An Unwavering Effort

Smith said her ultimate goal is to see the approval of Crossroads before she graduates next year. The LGBTQ Inclusivity policy team plans to resubmit the housing proposal next semester and continue collaborating with Georgetown administration to “hold the university accountable to its commitment to queer students,” according to Smith.

“The LLC would have played a huge part in creating a space that normalized queerness, affirmed gender identity and made students feel safe,” Warga said. “Given the current political climate and rise in bias-related incidents on campus, I think there is clearly a need to create living spaces like these for LGBTQ students and other students with targeted identities.”


  1. Sherman Roberts says:

    As an alumnus of the College (c ’65), I find this whole issue of homosexuality (and abortion rights) on/off campus highly offensive, scandalous, and political.

    Fifty years ago, the Land ‘O Lakes Conference of 1967 never should have happened. Because it did, the dire consequences of its vision of “modern” Catholic education have been appalling and devastating, and only God knows how many souls have been destroyed by the actions and behavior of Catholic universities (especially GU) who have adhered to (or modified) its bad philosophy.

    Catholic faith and morals (and values) are not negotiable. They are eternal and unchanging because they come directly from God, who revealed them through Natural Moral Law, Sacred Apostolic Tradition, Sacred Scripture, and the Magisterium of the Catholic Church.

    I would be surprised if the Jesuits and faculty at GU ever teach what’s in the Holy Scriptures, and the Catechism of the Catholic Church, on moral behavior, e.g., Chastity and homosexuality.

    For the benefit of all reading this I include the Catechism’s three paragraphs here:

    Chastity and homosexuality

    2357 Homosexuality refers to relations between men or between women who experience an exclusive or predominant sexual attraction toward persons of the same sex. It has taken a great variety of forms through the centuries and in different cultures. Its psychological genesis remains largely unexplained. Basing itself on Sacred Scripture, which presents homosexual acts as acts of grave depravity,140 tradition has always declared that “homosexual acts are intrinsically disordered.”141 They are contrary to the natural law. They close the sexual act to the gift of life. They do not proceed from a genuine affective and sexual complementarity. Under no circumstances can they be approved.
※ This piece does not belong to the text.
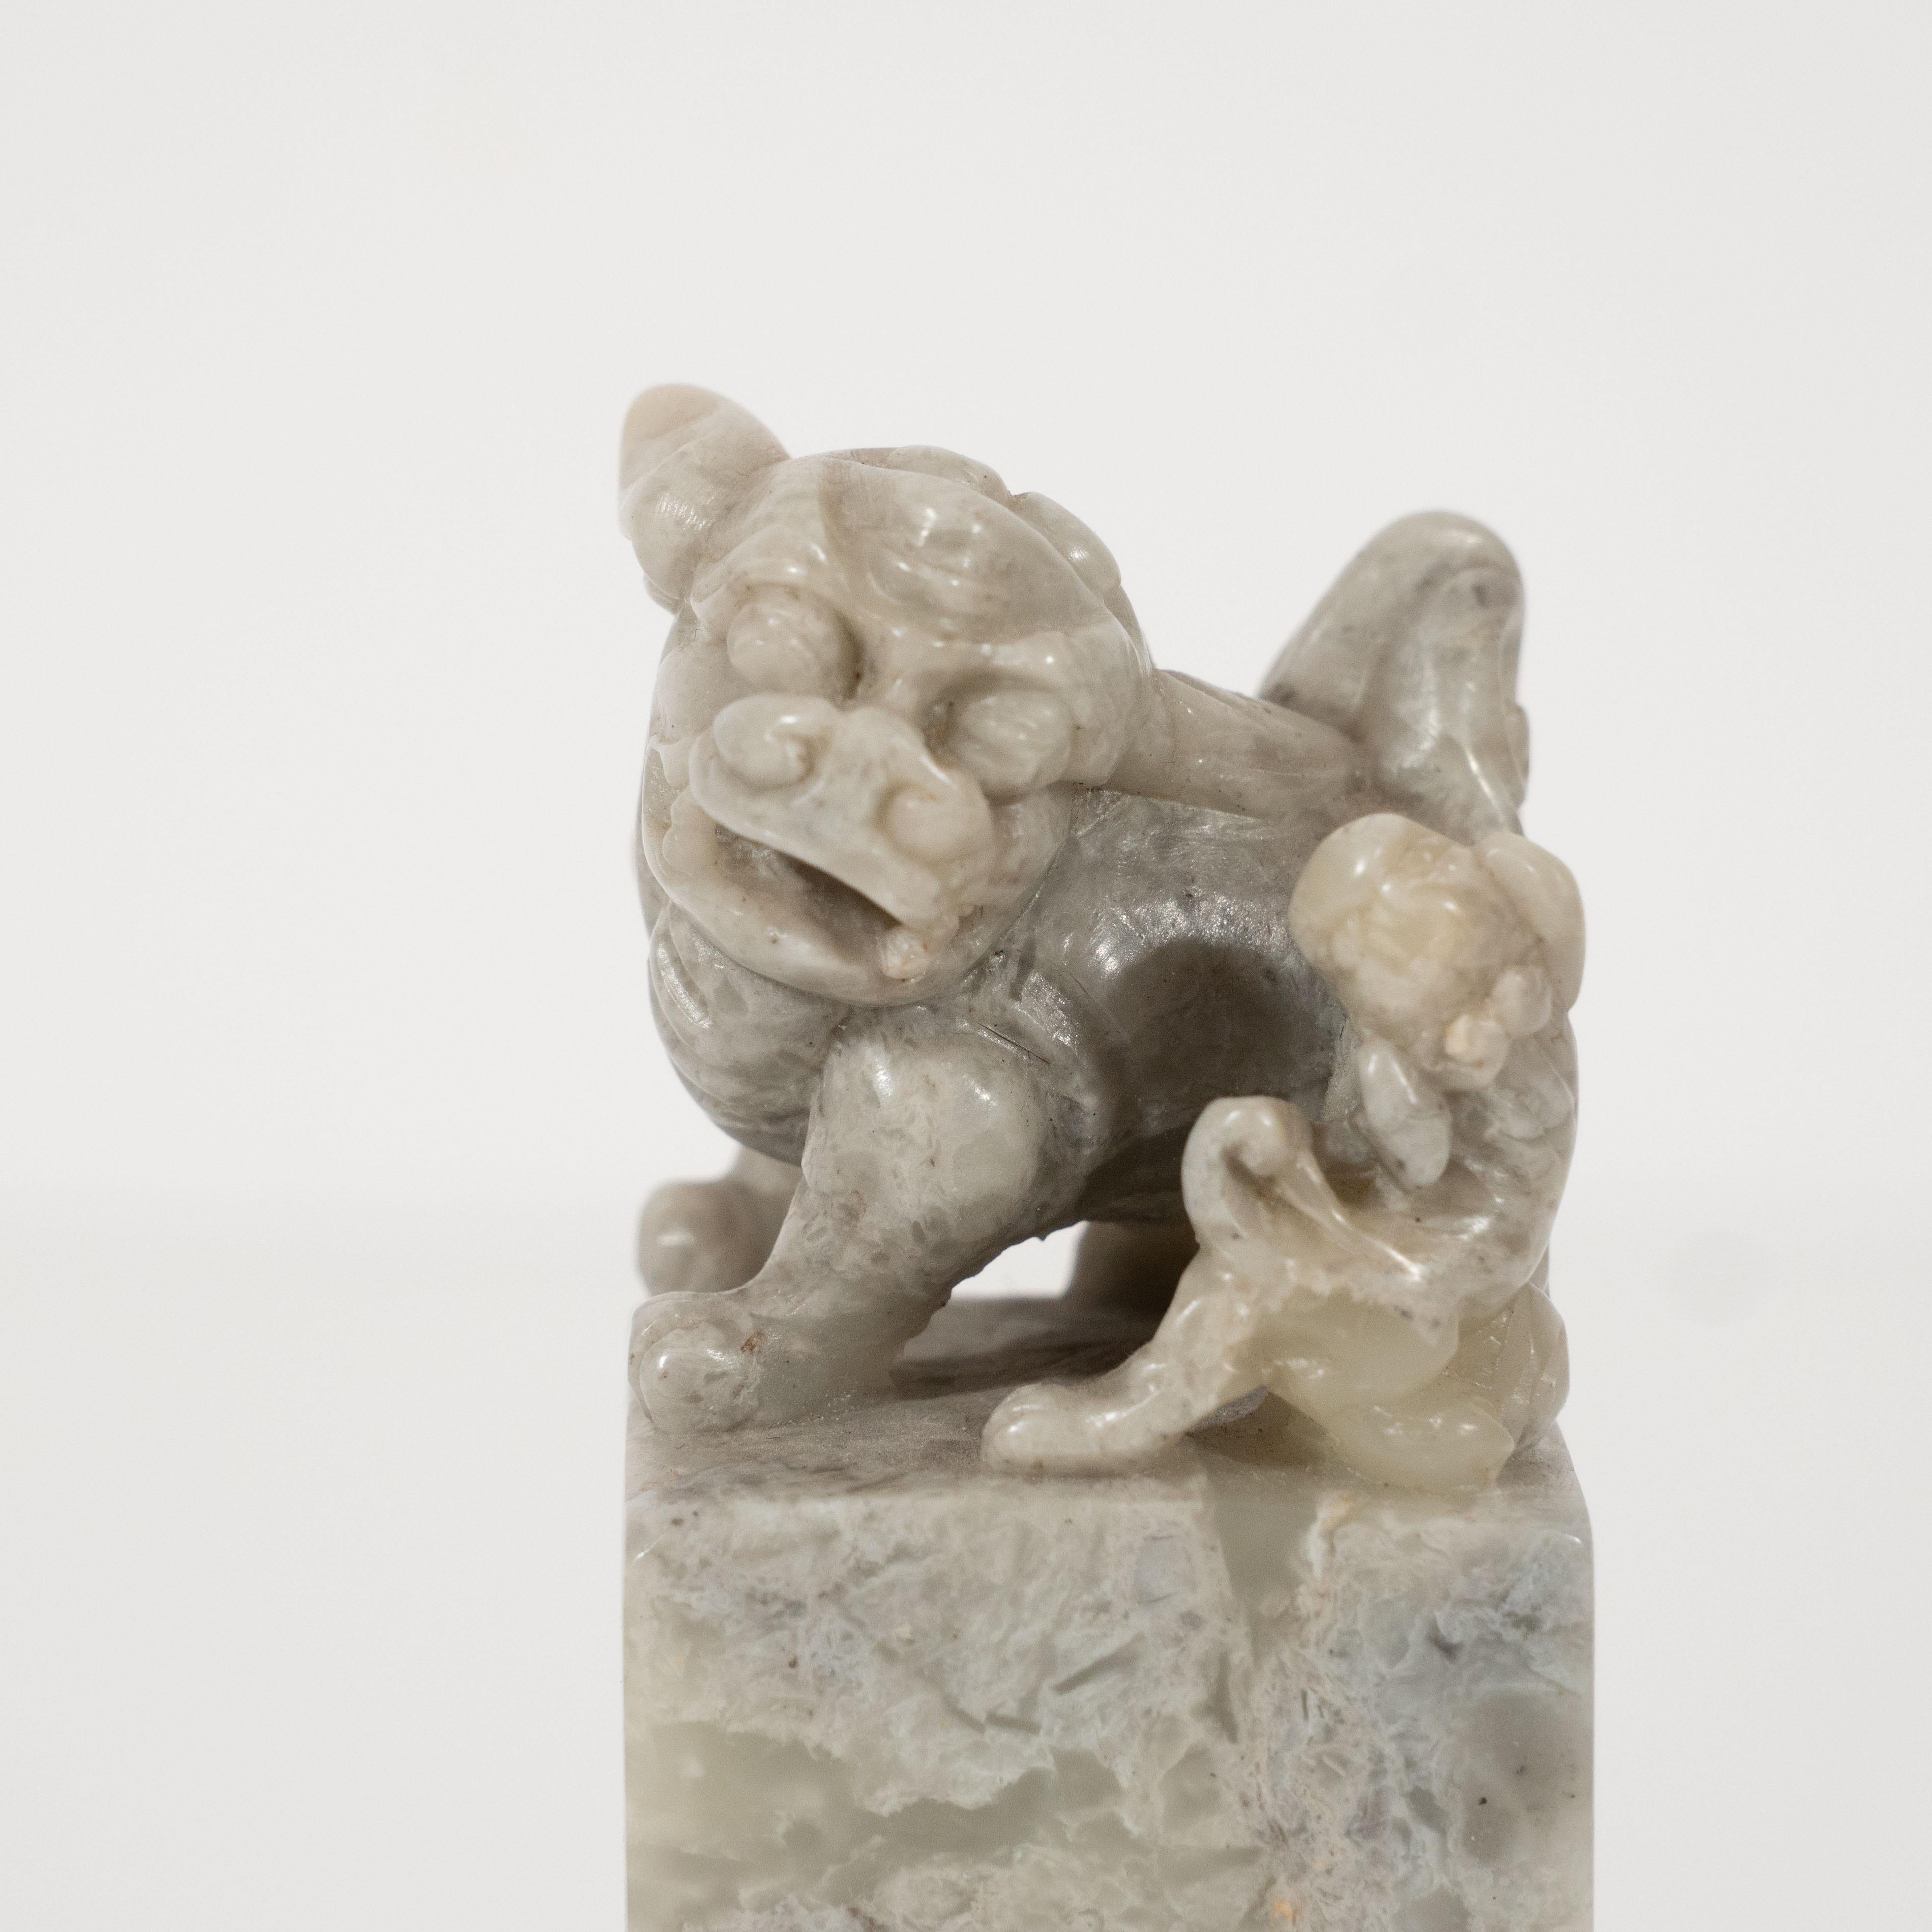 This beautiful Art Deco stamp was realized in China, circa 1925. It features a volumetric rectangular body crowned with a hand carved guardian lion (a Chinese leitmotif) and accompanying pup, climbing its hind leg- all realized in gray stone,

    2358 The number of men and women who have deep-seated homosexual tendencies is not negligible. This inclination, which is objectively disordered, constitutes for most of them a trial. They must be accepted with respect, compassion, and sensitivity. Every sign of unjust discrimination in their regard should be avoided. These persons are called to fulfill God’s will in their lives and, if they are Christians, to unite to the sacrifice of the Lord’s Cross the difficulties they may encounter from their condition.

    2359 Homosexual persons are called to chastity. By the virtues of self-mastery that teach them inner freedom, at times by the support of disinterested friendship, by prayer and sacramental grace, they can and should gradually and resolutely approach Christian perfection.

    Sacred Scripture is Divinely inspired, and the Catechism is God’s authority. Neither are negotiable. GU may be striving to live up to its Jesuit identity, but it is not living up to its Catholic identity as a true, faithful Catholic university ought to be doing.

    I wonder how many Catholic parents of existing (and prospective) students are aware of what’s going on at GU. William Peter Blatty is a hero in making his appeal based on his due diligence, as is The Cardinal Newman Society, and other unsung heroes.

    Will GU continue following the ways of the world (lust of the flesh, lust of the eyes, and the pride of life), or will it repent, amend its ways, and return to its true God-given Catholic identity? That remains to be seen.